If there is a clear medal option for the Spanish delegation in the Tokyo Olympics, that resides in Sandra Sánchez. Since the inclusion of karate for the first time in the Olympic program became official in August 2016, the Talaverana has between next eyebrow and eyebrow next summer's appointment in the Japanese capital, a unique opportunity to round up a record of legend, every time that his sport will not repeat in the Paris Games of 2024 after the organizing committee decided to leave it out in favor of surfing, climbing, skateboarding or breakdance.
Sandra Sánchez's history says it all: world champion in 2018, five consecutive times European champion, from 2015 to the present, gold at the European Baku Games in 2015 and Minsk in 2019 and the undisputed leader of the world ranking of the World Karate Federation (WKF) in recent years. Such a payroll of triumphs officially makes it the best karate in history in the kata modality, which consists in the practice of a series of movements, steps and turns together with arm or leg techniques, individually or in teams, without fights against an adversary, and therefore, in number one candidate for the precious Olympic gold.

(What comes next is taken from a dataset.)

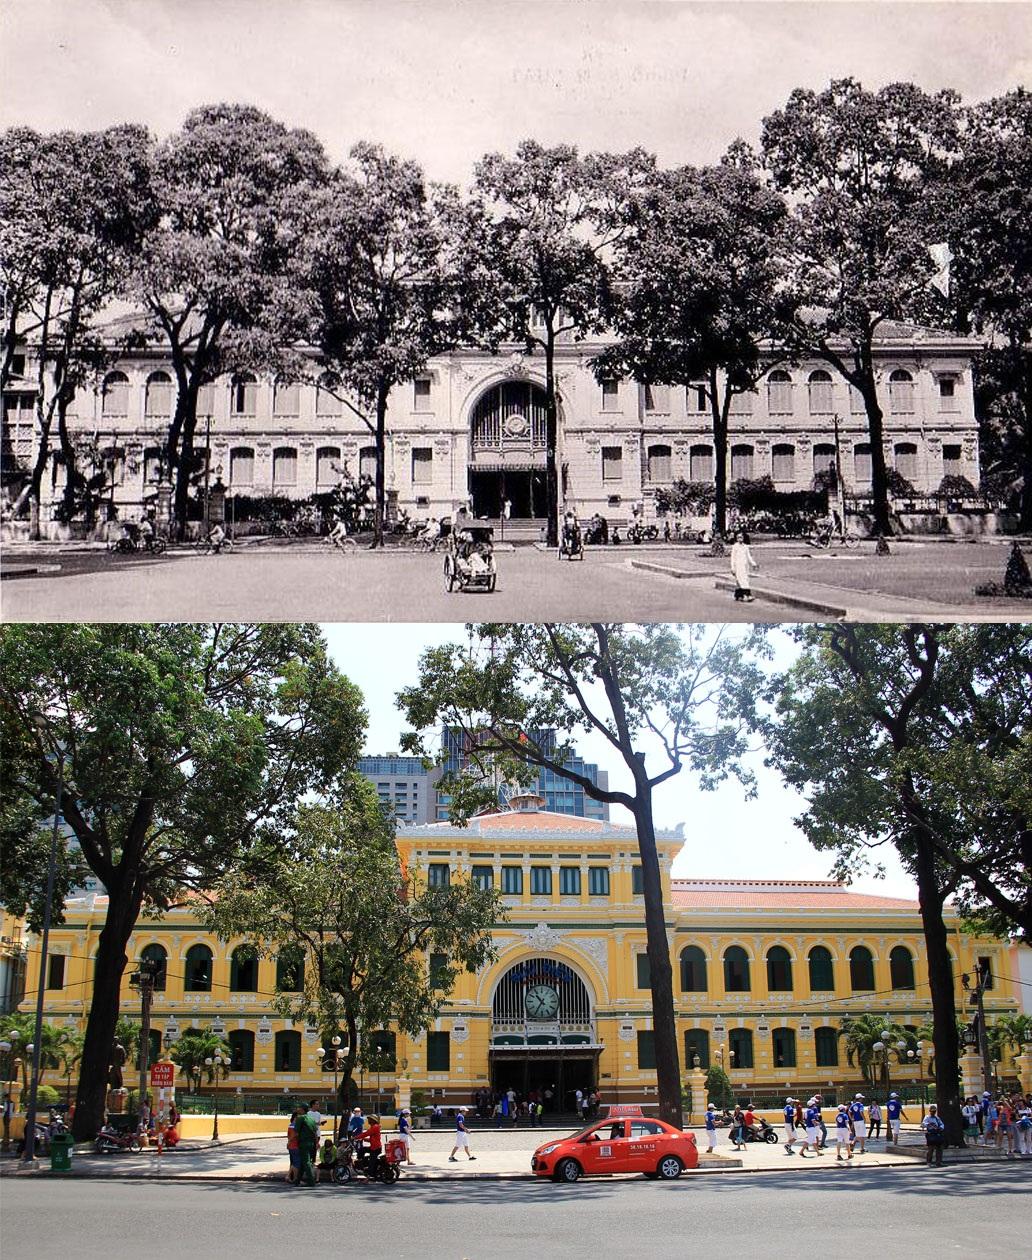 Tòa nhà Bưu điện Thành phố là một trong những công trình kiến trúc tiêu biểu tại TPHCM, nằm cạnh nhà thờ Đức Bà. Tòa nhà này được người Pháp xây dựng với phong cách đậm chất châu Âu trong khoảng thời gian 1886–1891, chỉ sau nhà thờ Đức Bà chừng 10 năm.

As is often the case with every great athlete, the link between Sandra Sánchez and the discipline that has raised her, karate, began many years before the brilliance of success illuminated a brilliant professional career. Restless and smiling, her parents decided to point to the four-year-old girl who was in the mid-eighties to dance classes, but other plans passed through her head. Her brother Paco had started practicing karate and she was determined to follow in his footsteps since he fell in love with this martial art of Japanese origin On a visit to the gym. Since then, the discipline and inner peace of his sport have been forging a character full of channeled energy on the tatami.
Passionate about Japanese culture, Sandra always carries dragon balls, iconic of the famous manga 'Dragon Ball', a reference of her childhood as an amulet. Once he finished his career in Sports Science (INEF), he decided to take a trip around the world that took her to Australia, where she lived and taught karate, but it was not until appearance of Jesus of the Moral, his coach and partner, when he focused fully on the competition through a specific preparation that has been key in his performance in recent years. His case is atypical, because it was not until well into his thirties, when many other athletes are already in the final stretch of his career, when he began to get on the podium in the big international events.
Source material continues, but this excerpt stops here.